### Dataset section
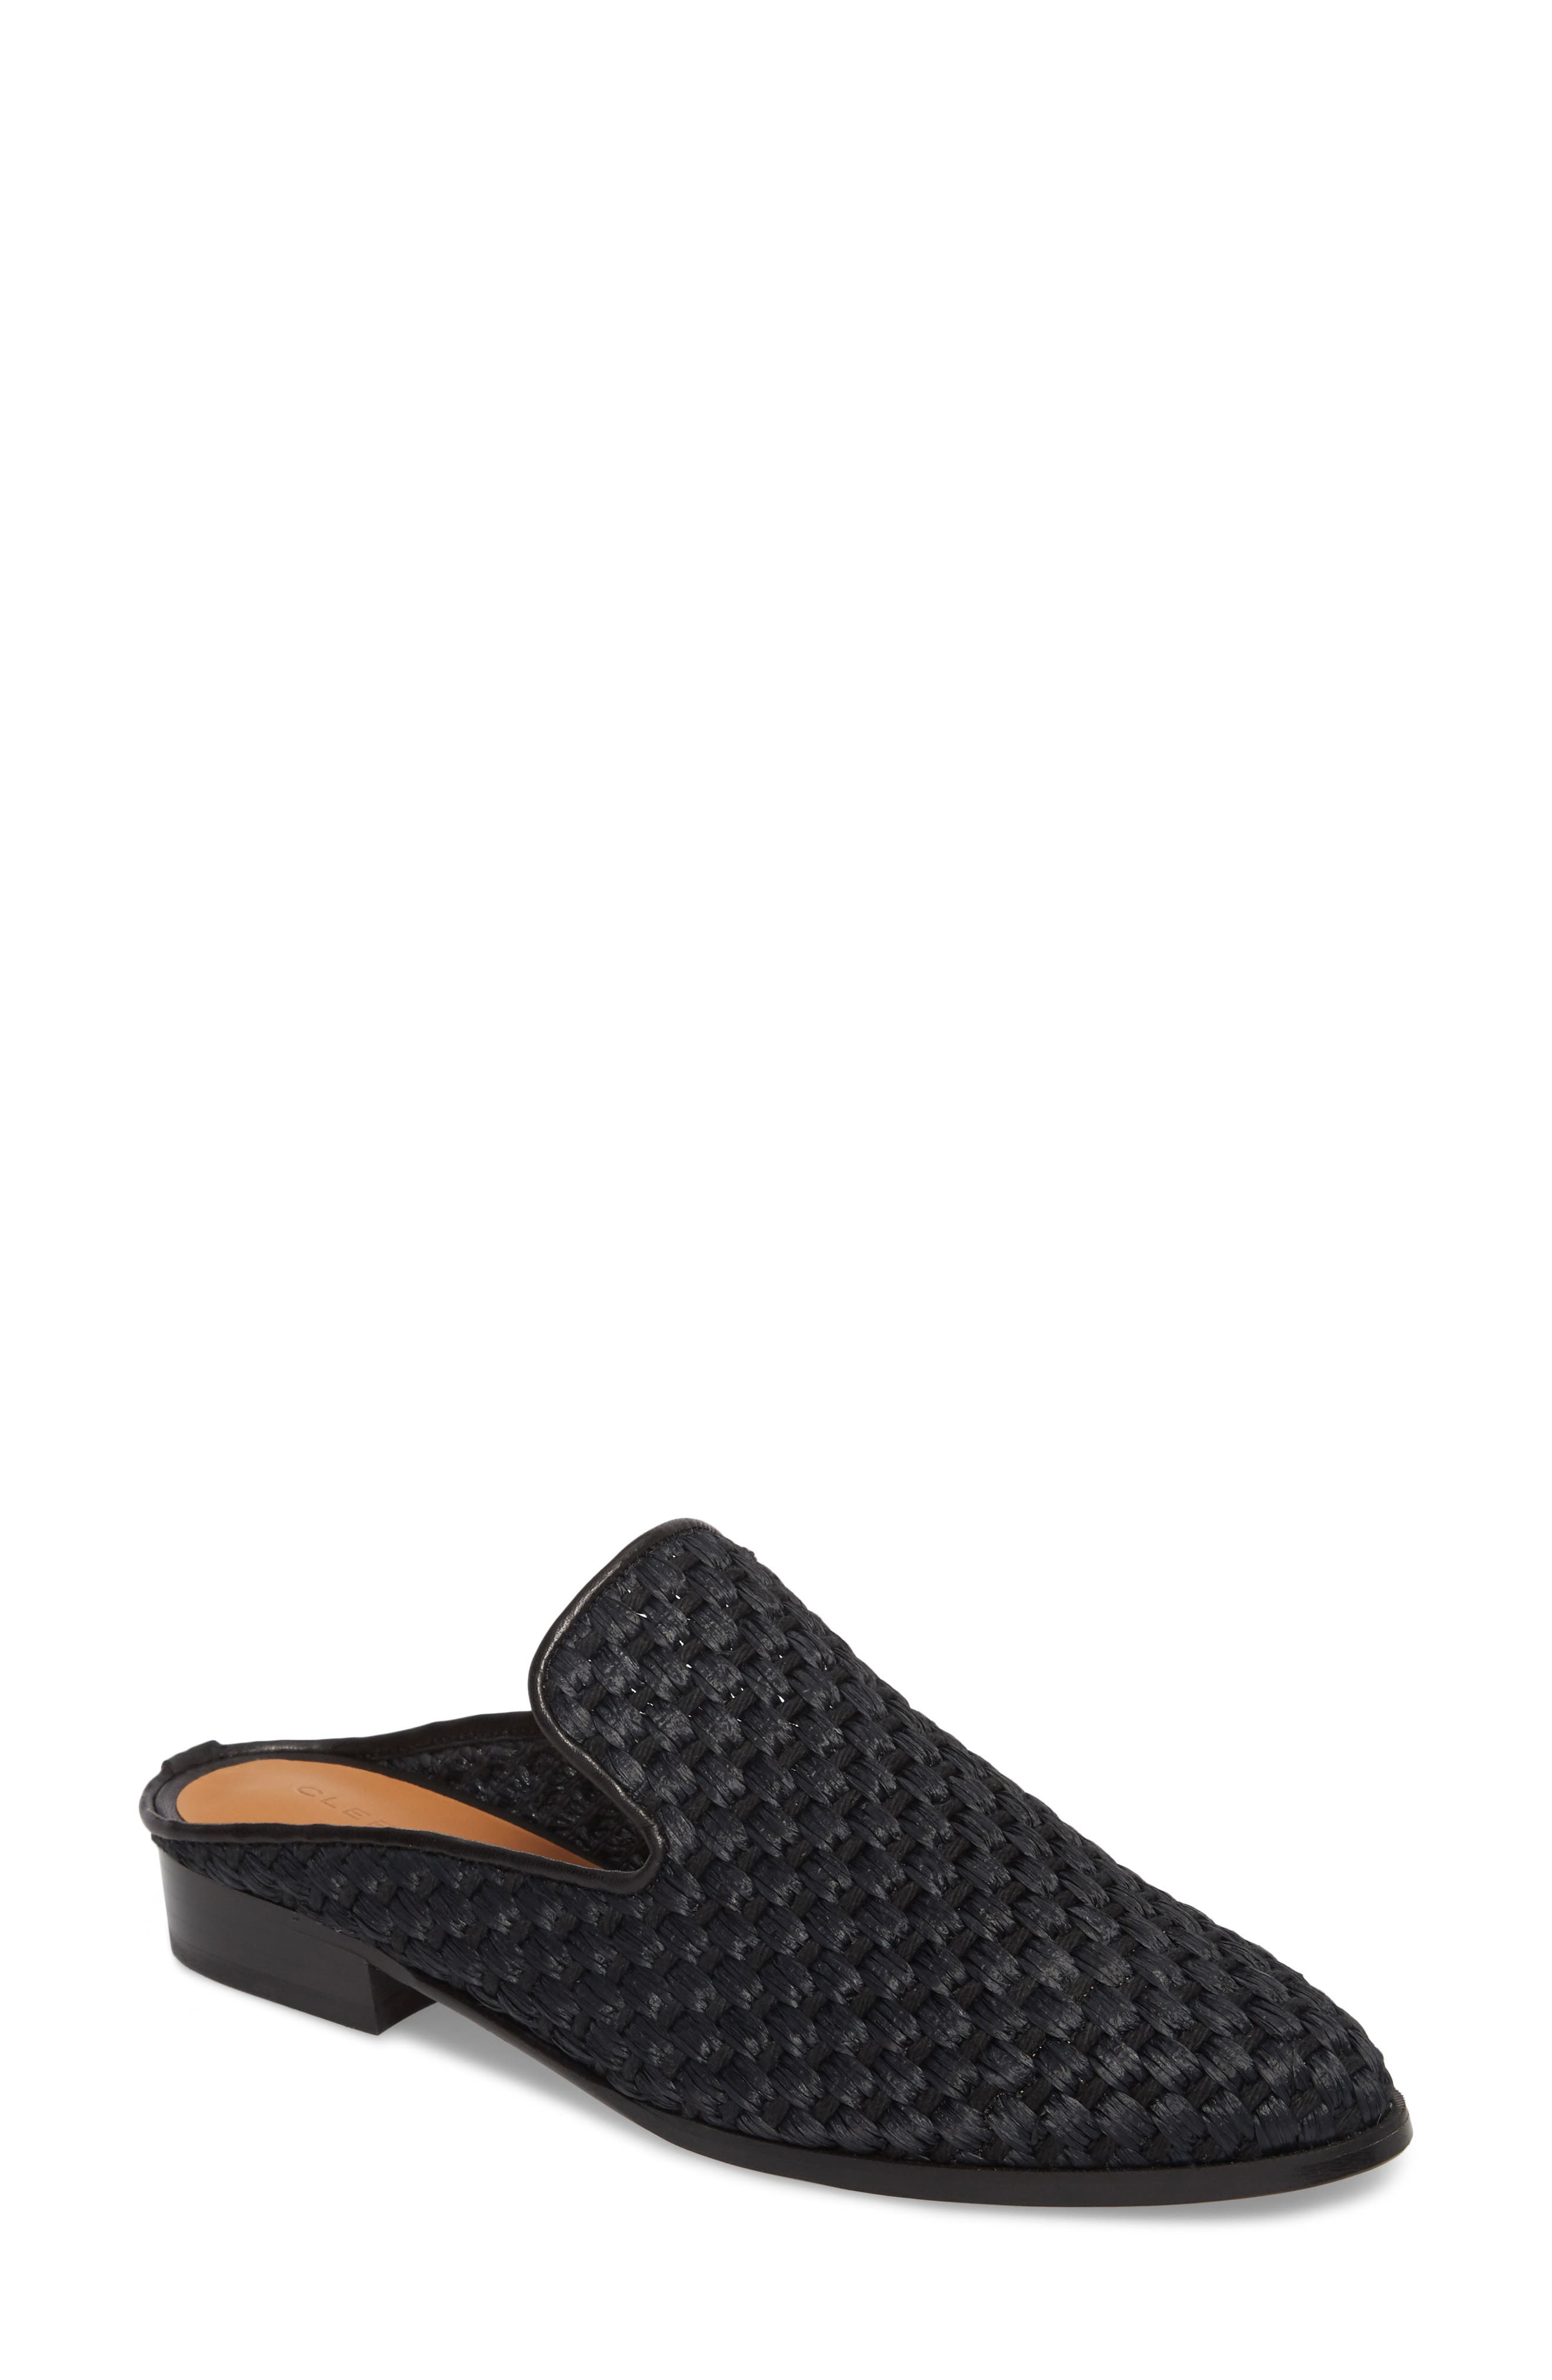 Aliceop Woven Loafer Mule,                         Main,                         color, Black
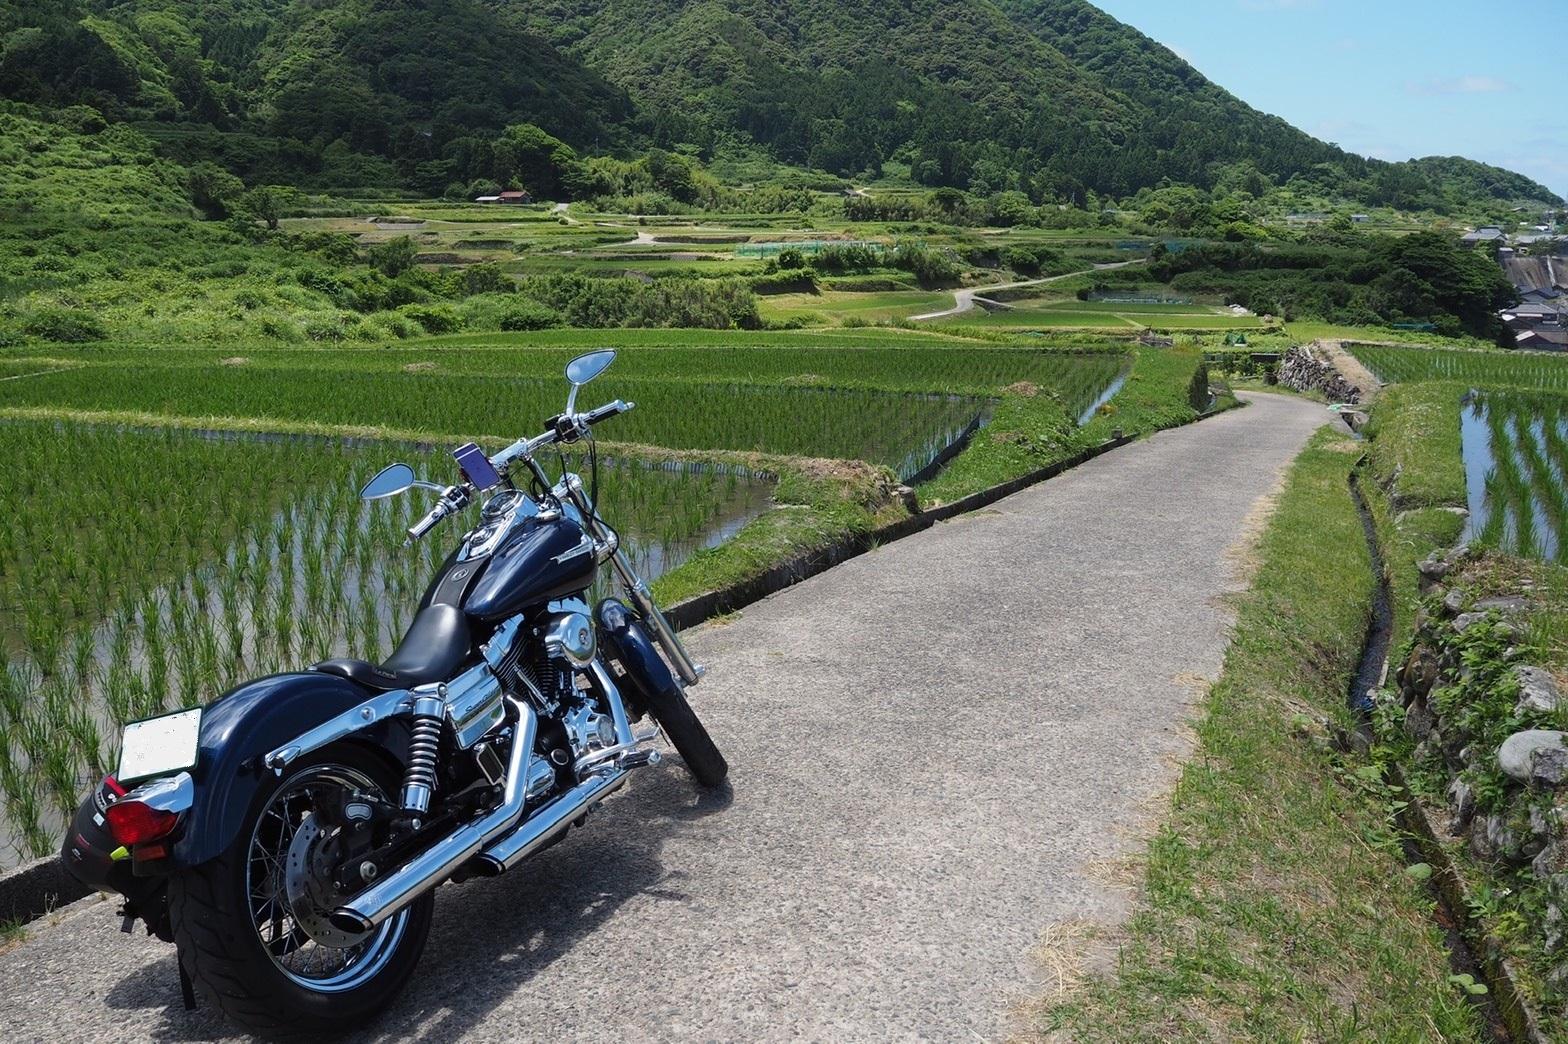 harleydavidson-motorcycle-touring-blog-kyoto-tanngopeninsula-riceterraces-of-sodeshi-view-3.jpg
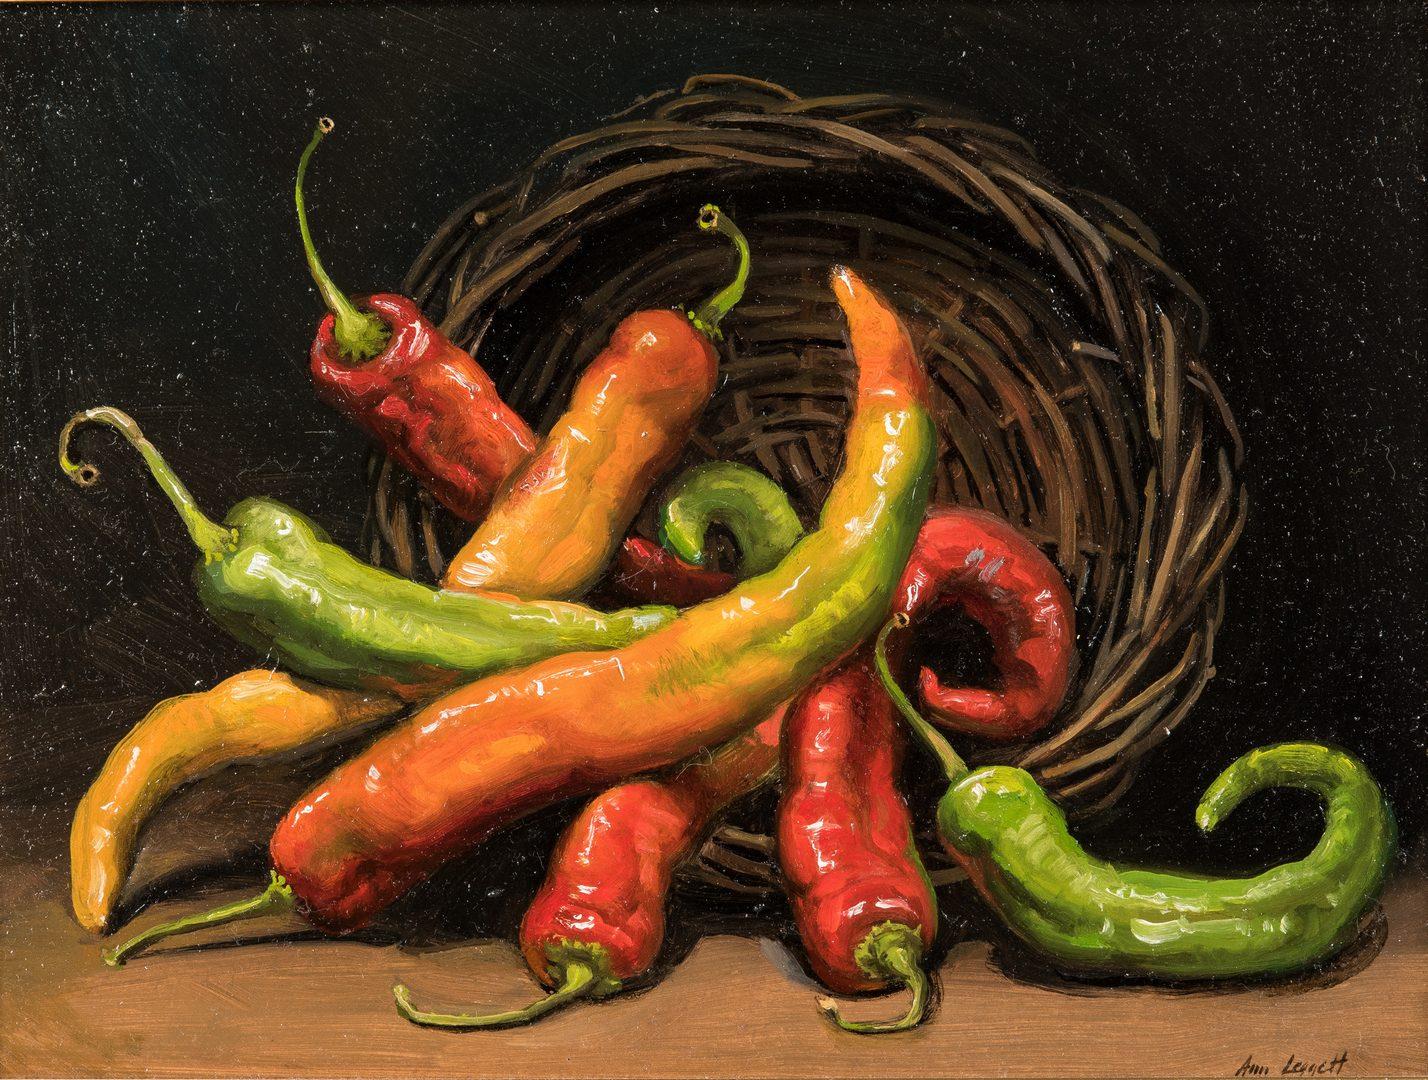 Lot 724: Ann Leggett O/B, Chili Pepper Still Life Painting

### What needs to be done
Without copying any picture, write out all of the material exactly as it reads.

### Reply to the exercise
 Aliceop Woven Loafer Mule,                         Main,                         color, Black
 harleydavidson-motorcycle-touring-blog-kyoto-tanngopeninsula-riceterraces-of-sodeshi-view-3.jpg
 Lot 724: Ann Leggett O/B, Chili Pepper Still Life Painting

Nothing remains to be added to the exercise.